The frontend as it is currently designed probably can’t handle that many events. How did the web app perform under these conditions?

If you really need this feature I can take a deeper look. I think I might not be understanding the situation entirely.

expected max for total Farm Events is spec’ed at ?

Usually we wait for events like this to happen before we set hard limits, although you may have shown there is a need. Some of the limits were set here: https://software.farm.bot/v9/docs/account-limitations

jsimmonds · April 4, 2020, 12:49am

@RickCarlino

Thanks for your expansive and considered response.

Correct. Initially 2 different short Sequences, each repeating every 5 minutes across a 16 day interval.

Didn’t miss a beat or raise a sweat and tallied the entire interleaved sequences correctly.

In reality I’m trying not to report a bug as such but only to report that the Erlang VM crash dump ( that I want to examine ) is not getting written.
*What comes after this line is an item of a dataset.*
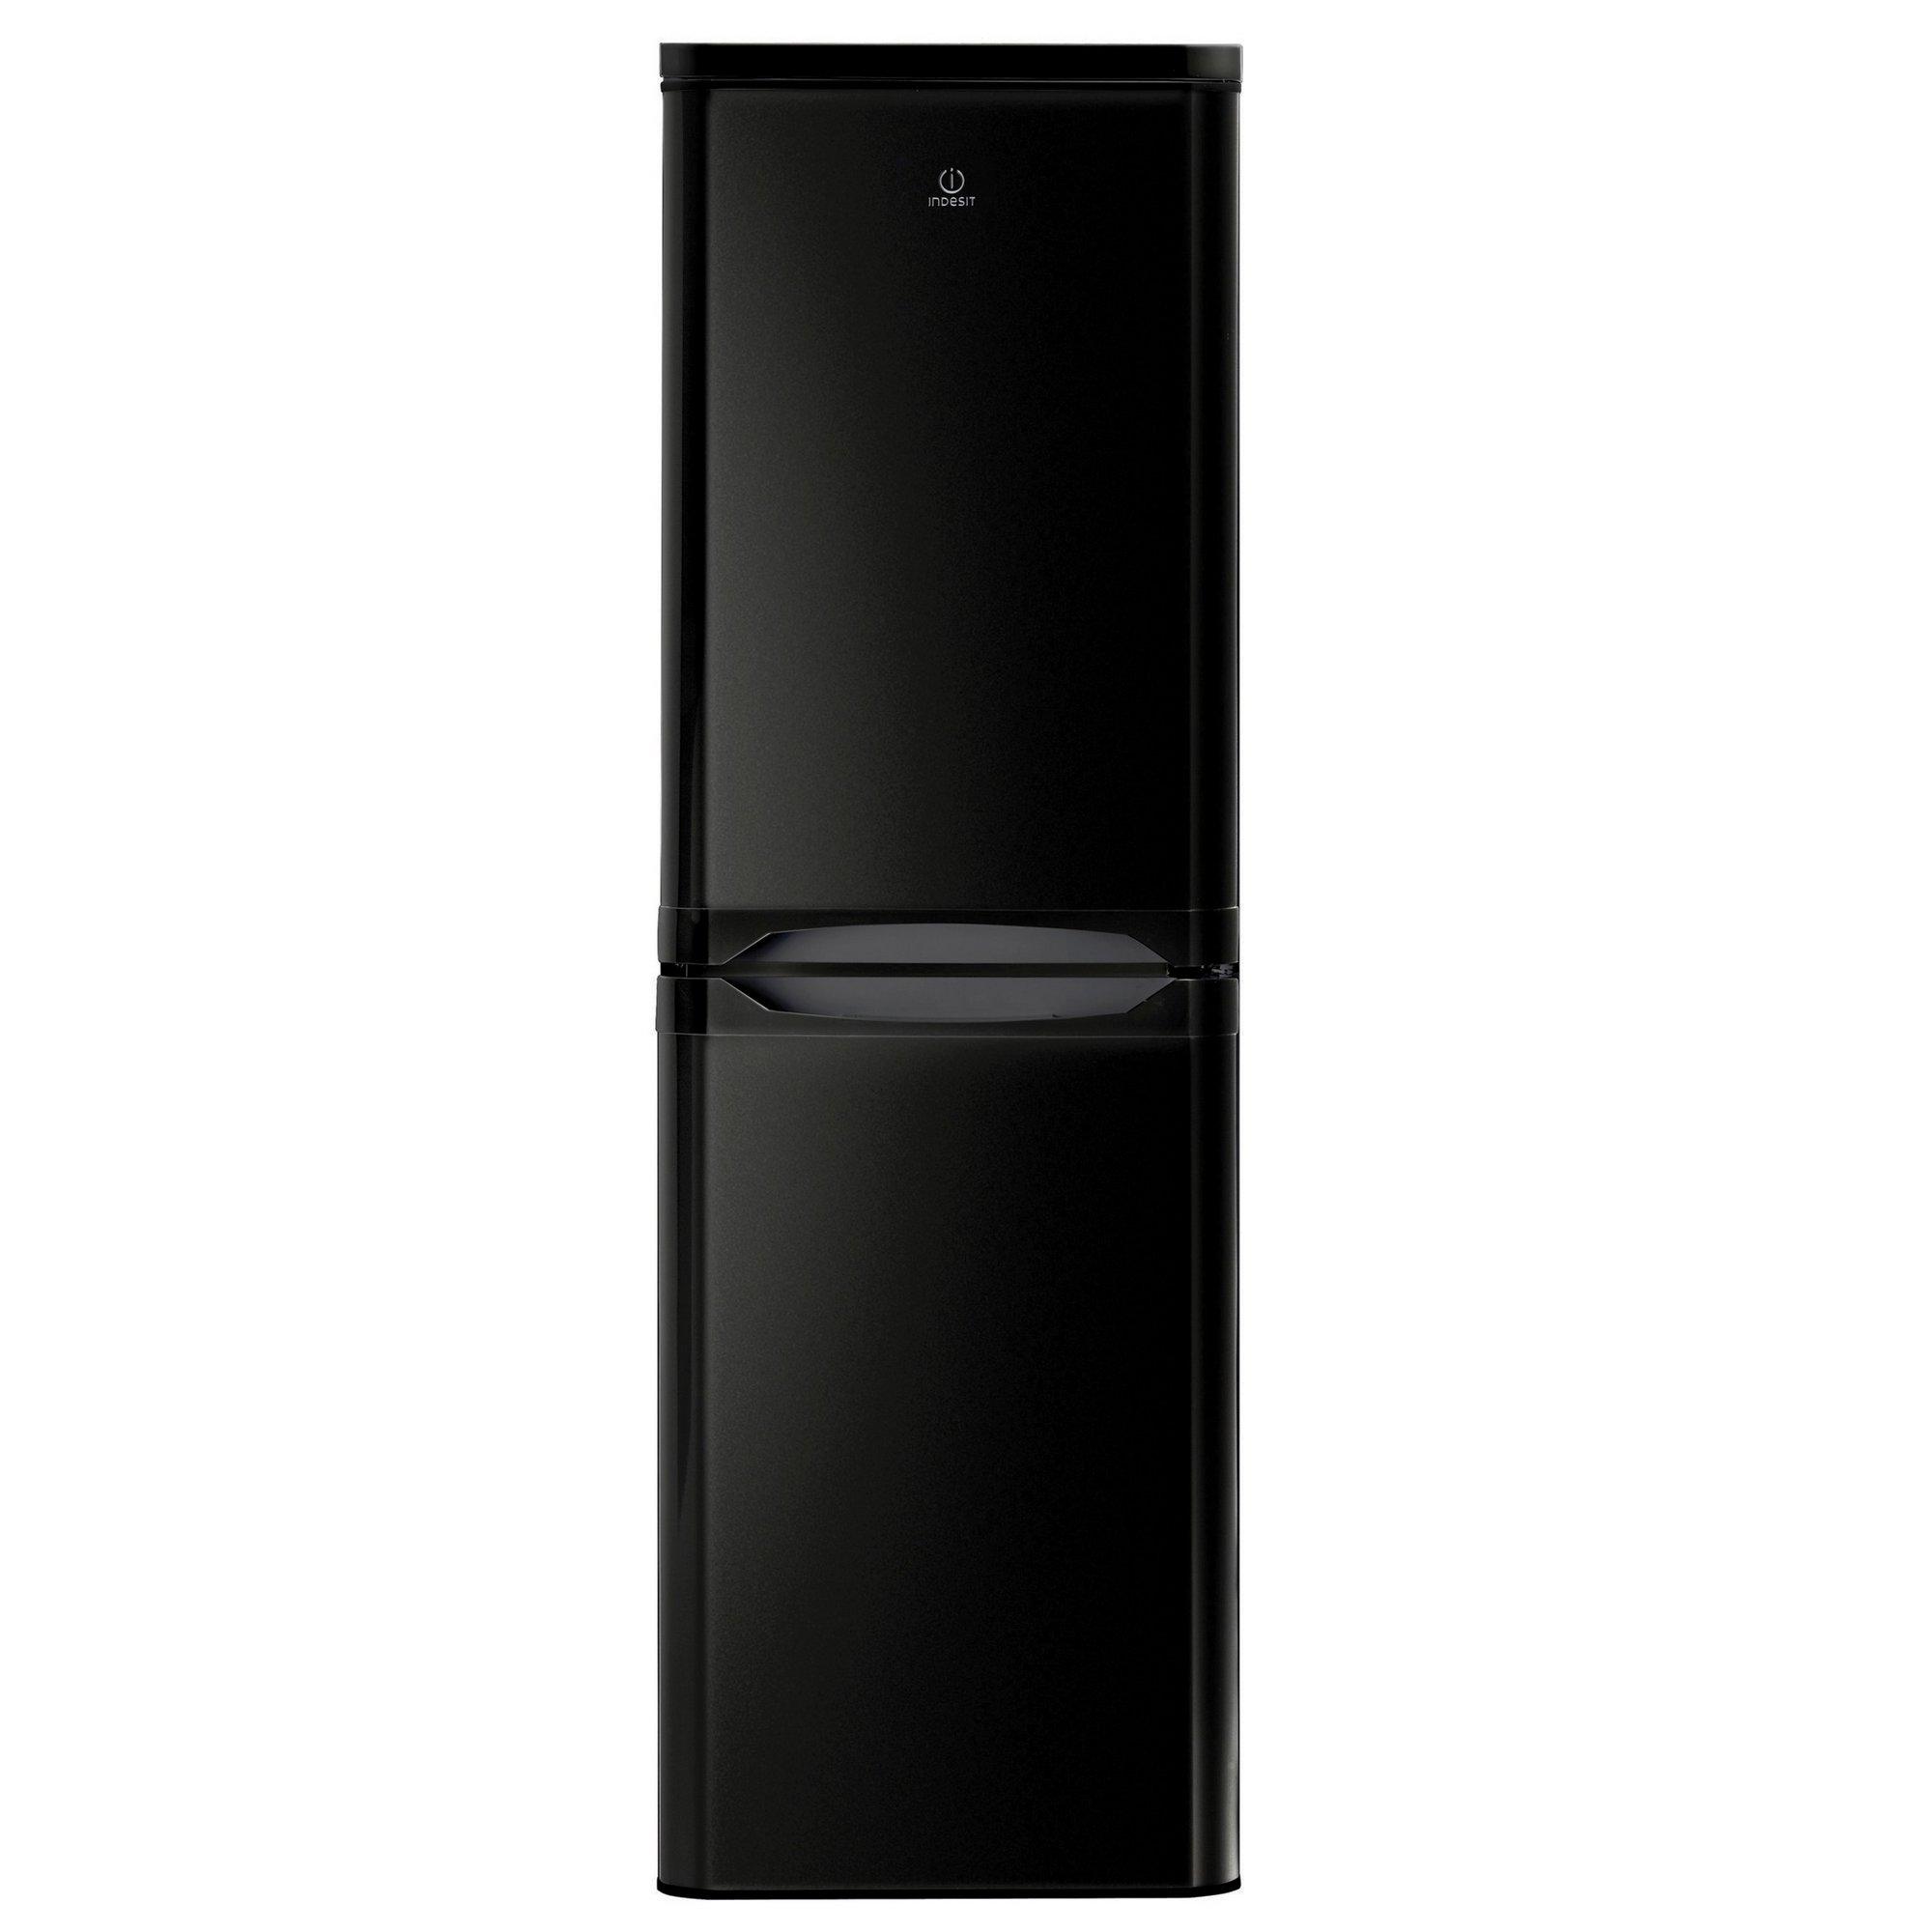 Image of Indesit 55cm A+ Fridge Freezer

That’s likely due to the BEAM env missing that ERL_CRASH_DUMP_SECONDS=-1 item.
I appreciate that you probably don’t want the little RPi0 recording dumps, but the RPi3B+ wouldn’t be fussed.

Yes, I noticed Scheduler usage sitting around 14% for many many minutes ( most time spent in various Calendar.ISO functions ).
It seems likely that the FarmbotCeleryScript.Scheduler process is the one that blows its :total_heap_size.
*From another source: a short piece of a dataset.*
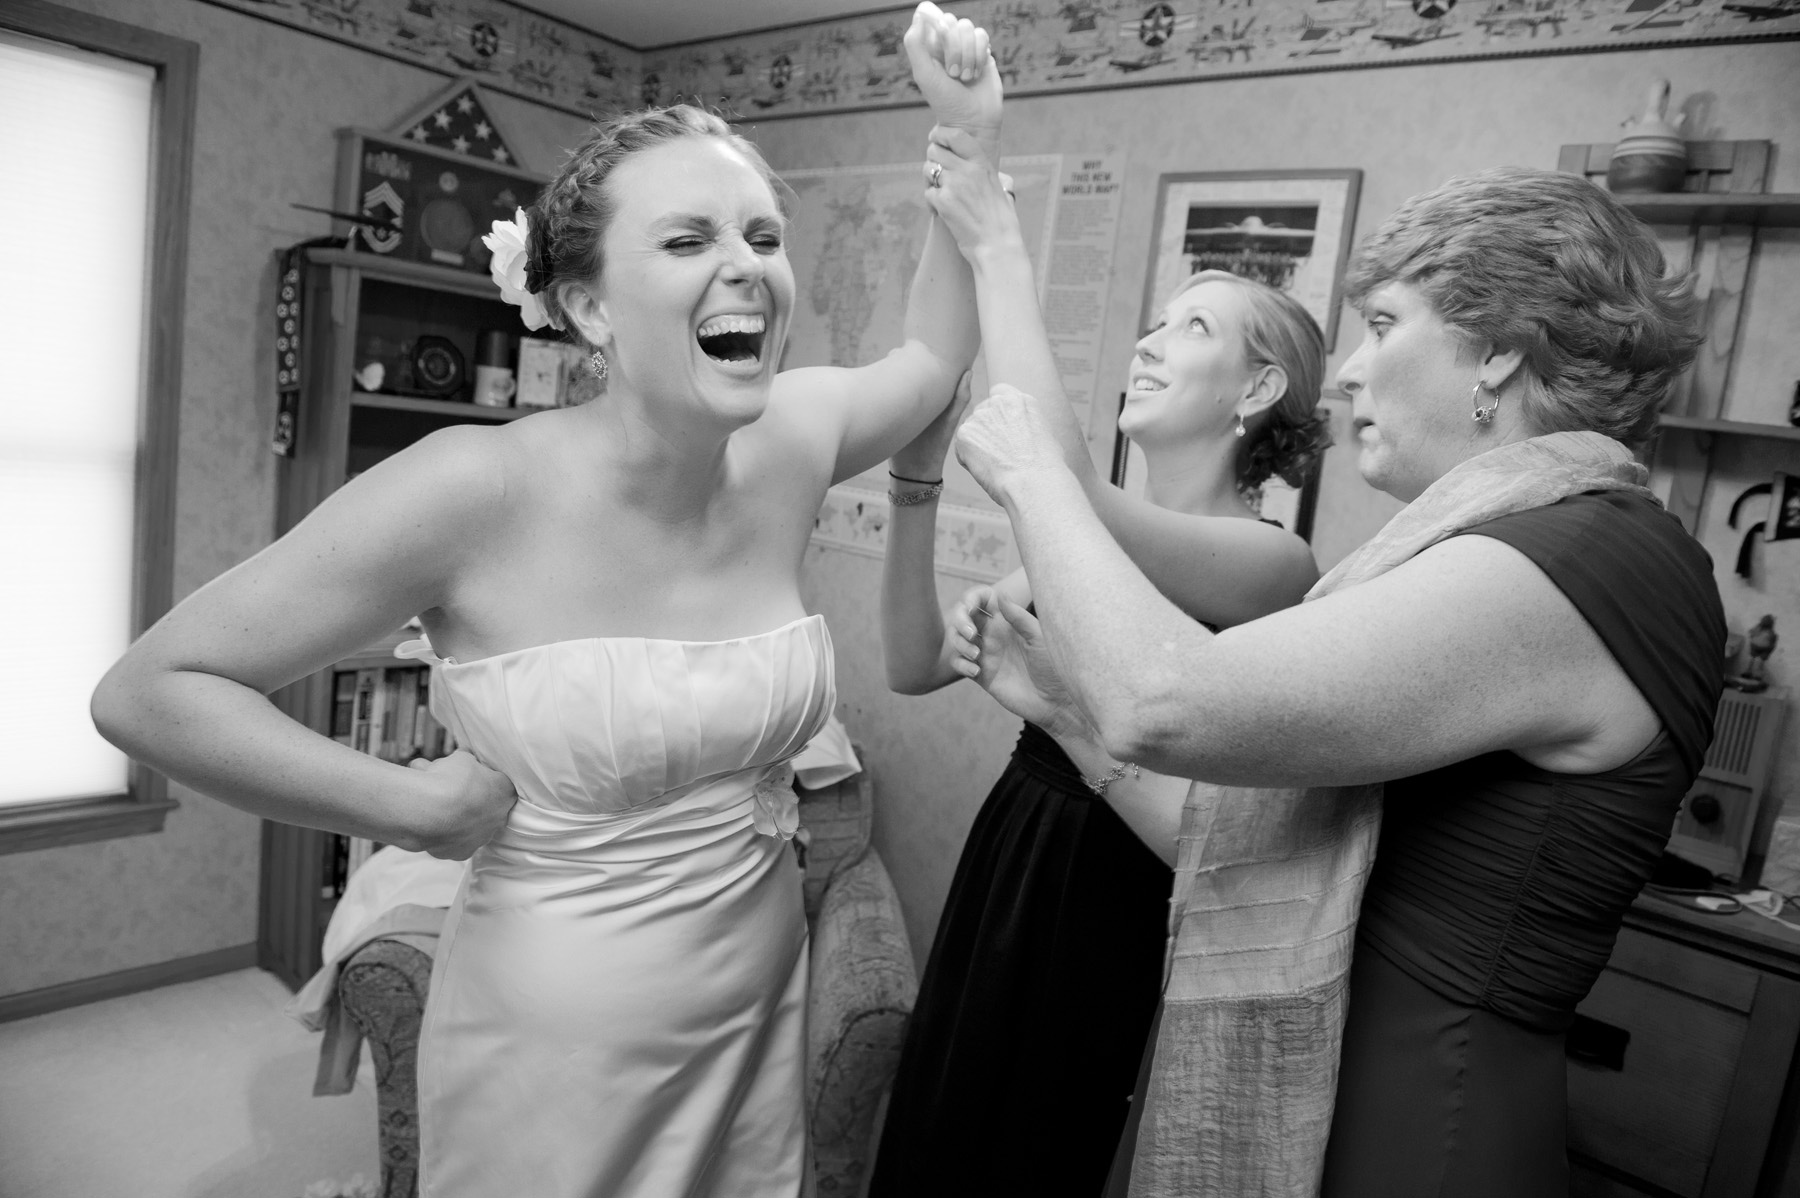 minneapolis-wedding-photography-mark-kegans-335.jpg

F.y.i., that’s a 404 link, but I did find Account limitations here

For now, please don’t worry too much about this topic !

I’ll report back after I’m able to get a crash.dump file that I can analyze.

RickCarlino · April 4, 2020, 1:35pm

Ah, sorry for any confusion @jsimmonds! As always, we appreciate your help in debugging. I will put the ERL_CRASH_DUMP_SECONDS=-1 on my TODO list for the next time that I need to update the Nerves system.

jsimmonds · April 4, 2020, 11:52pm

Thanks @RickCarlino . . that’s cool.

Meantime, I’ll make a custom Rpi3 system build and verify that this change is all we need.

jsimmonds · April 16, 2020, 12:00am

@RickCarlino, I cloned farmbot_system_rpi3 and added ERL_CRASH_DUMP_SECONDS=-1 to rootfs_overlay/etc/erlinit.config then built the package . . and presto !
I can now generate a crash dump file.

Simply confirming that’s all we need to change.
( The Erlang doco sure is impressively detailed and accurate )

RickCarlino · April 16, 2020, 6:09pm

Great to hear @jsimmonds. I have put this on my backlog. PS: Sorry for the radio silence over the past week

jsimmonds · April 17, 2020, 5:12am

No sorries . . My Congratulations on the recent releases’ Big milestone features

RickCarlino · May 27, 2020, 5:47pm

@jsimmonds This will be enabled in FBOS v10.1.0, which depends on farmbot_systme_rpi3 v1.11.4-farmbot.0. It is currently building on my machine and will be published shortly. Thanks again for the help.

jsimmonds · May 28, 2020, 12:25am

Lovely Thank You !

We also get a shiny newer Kernel, with Elixir 1.10.3 and lots of other updates and fixes included.